The jury found him guilty, which meant a sentence of up to 10 years in prison. But Judge Shaw told the court that he seemed like a well-dressed, well-mannered man and noted that he had a wife and a toddler and a baby on the way. She gave him 120 days, time he had already served, and set him free that day with an order to take anger management courses.
Patricia went home to bed, where she stayed for the next six months. “My eyes were black, as if I were a shell of a human being,” she says.
Then one day she heard her son wonder aloud to a friend whether his mom was ever going to get up again or if he was going to have to take care of her forever. Patricia got out of bed and called a therapist. She was done with being a victim.
It had dogged her long enough.
First at 8, by the uncle.
Then at 15 by two “friends.”
At 20 it happened again, on a date.
At 32 it was by her personal trainer.
And now, in her mind, by a judge.
“It’s almost that you get into that pattern of living a victim’s life,” she says. “Before 2002, I was vulnerable, naive. I think I had ‘victim’ written across my forehead. Maybe today I have ‘alpha.’ I’m not a victim anymore. I’m a survivor. I’m a woman on a mission to help other women break the cycle.”
One year after the assault, Patricia quit her catering business to start Crime Survivors Inc., dumping all her savings into it.

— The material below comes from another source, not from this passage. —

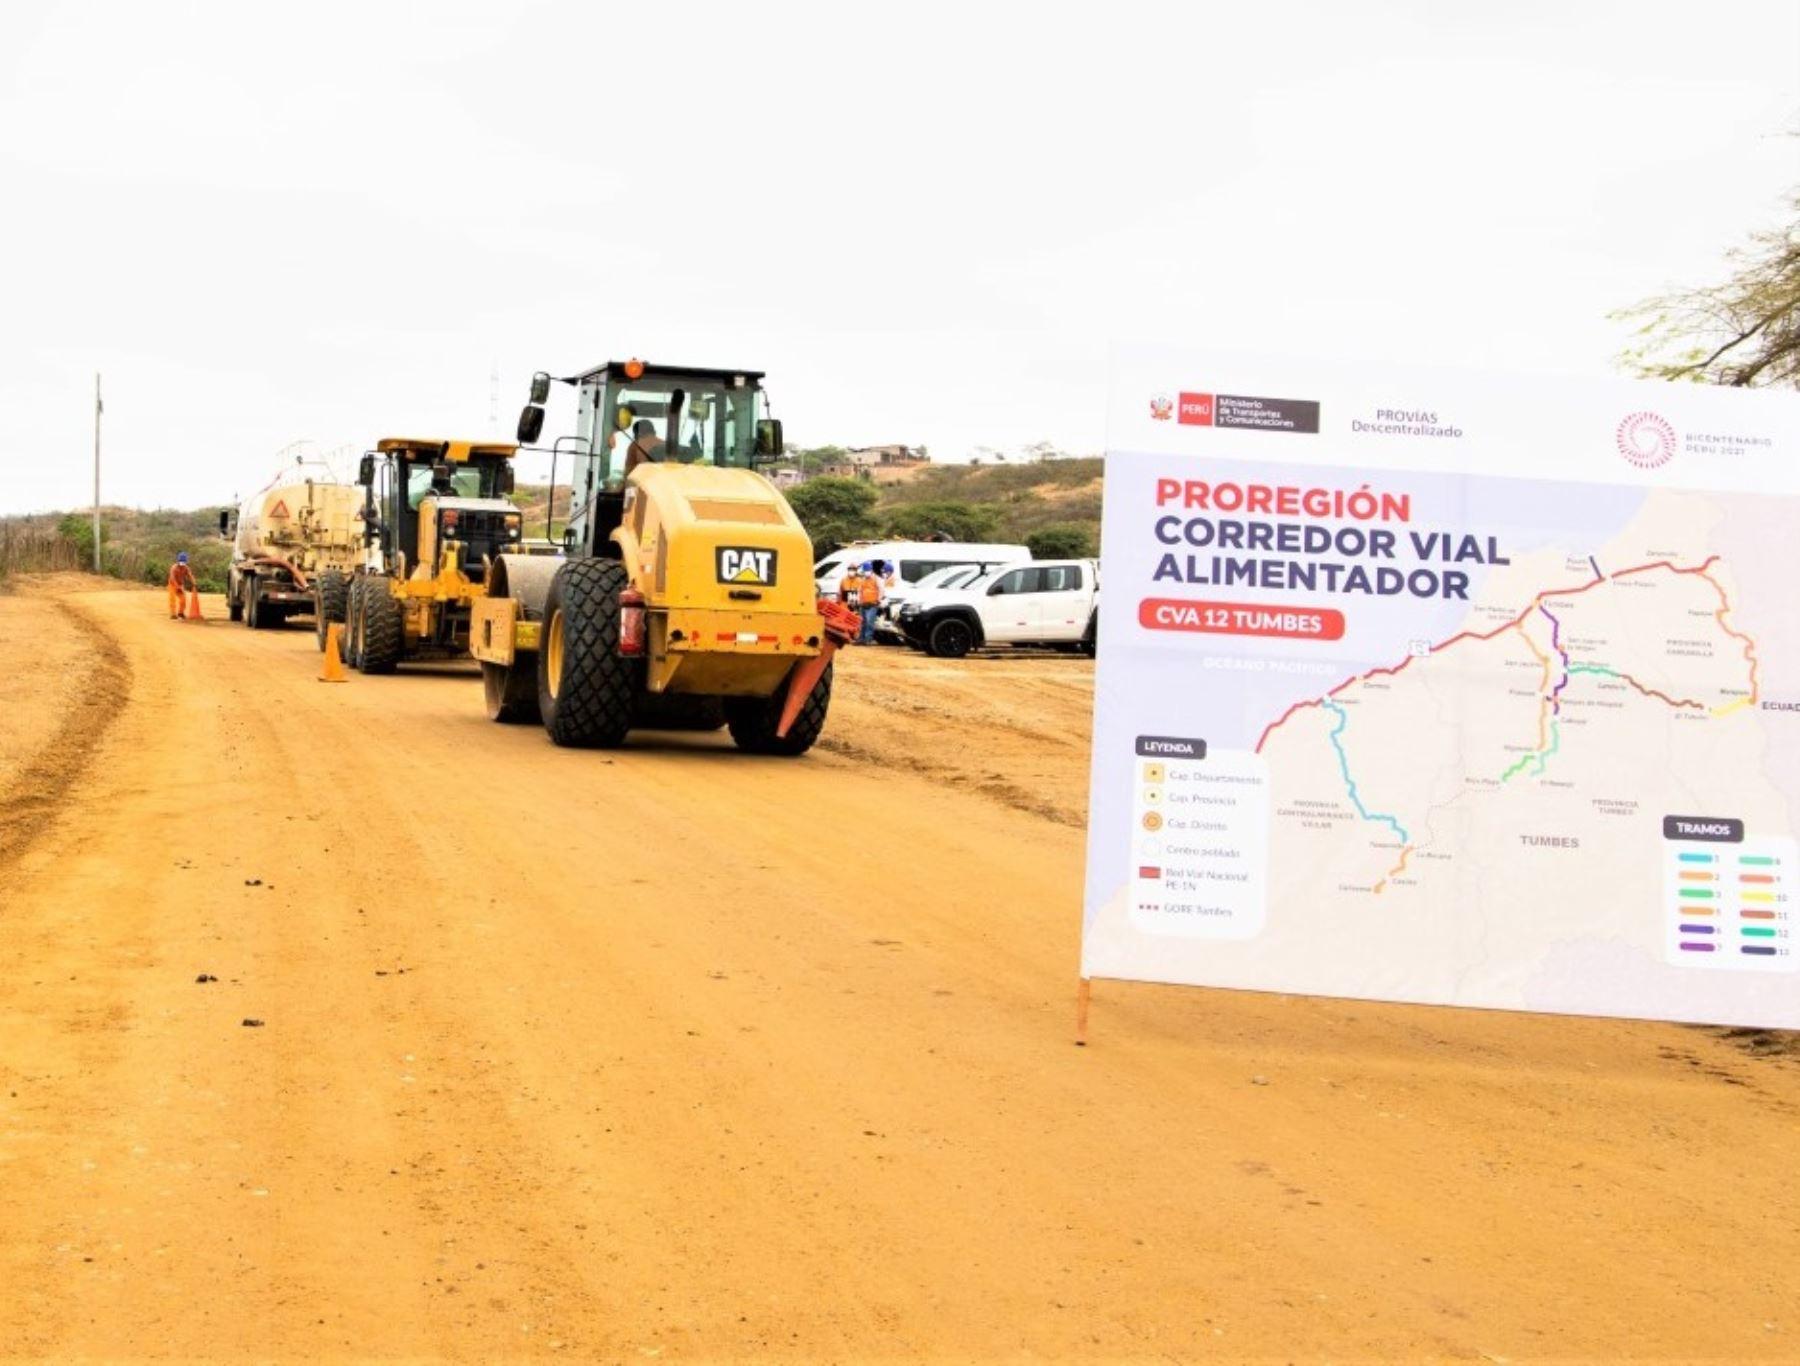 MTC destacó que programa ProRegión impulsa el desarrollo y competitividad regional con obras de mejoramiento de más de 15,000 km de caminos departamentales. Foto: ANDINA/difusión.

On Saturday, the non-profit will hold its 12th-annual Survive and Thrive run/walk to raise money for the work it does with all sorts of victims, from survivors of rape, child abuse, elder abuse and human trafficking to families of murder victims.
One of the goals is to change the way people treat victims.
“People say, ‘Why did you have him in your house, Patricia?’ It’s time we stop blaming and shaming.”
Crime Survivors also helps victims with legal support and counseling and distributes care packages, food boxes, toys and bus passes.
Patricia also travels the state, giving speeches on behalf of victims who “can’t stand on a mountaintop and share their story,” like she does.
“I’ll never forget what happened,” she says. “I still have triggers, memories, the hairs on my arms still stand up. But I’m not angry. I’m not fearful anymore. For years, I couldn’t say his name. Now I say his name and there’s nothing there.”
The trainer lives in San Diego. In 2006, Shaw was barred from the bench for mishandling five criminal cases. Patricia was among those who had filed a complaint against the judge.
Patricia works closely now with law enforcement, singling out the Irvine Police Department for special praise.
“I really felt like for the first time in my life I was respected, treated with dignity,” she says.
Her mission now is to start a “court watcher” program to monitor judges. And her big dream: to open a crime survivors resource center.
“A one-stop-shop for hopeful healing,” she says. “But it takes money. I have none, but I have more in my heart today than I have my whole entire life. I love life. I fight for it every day.”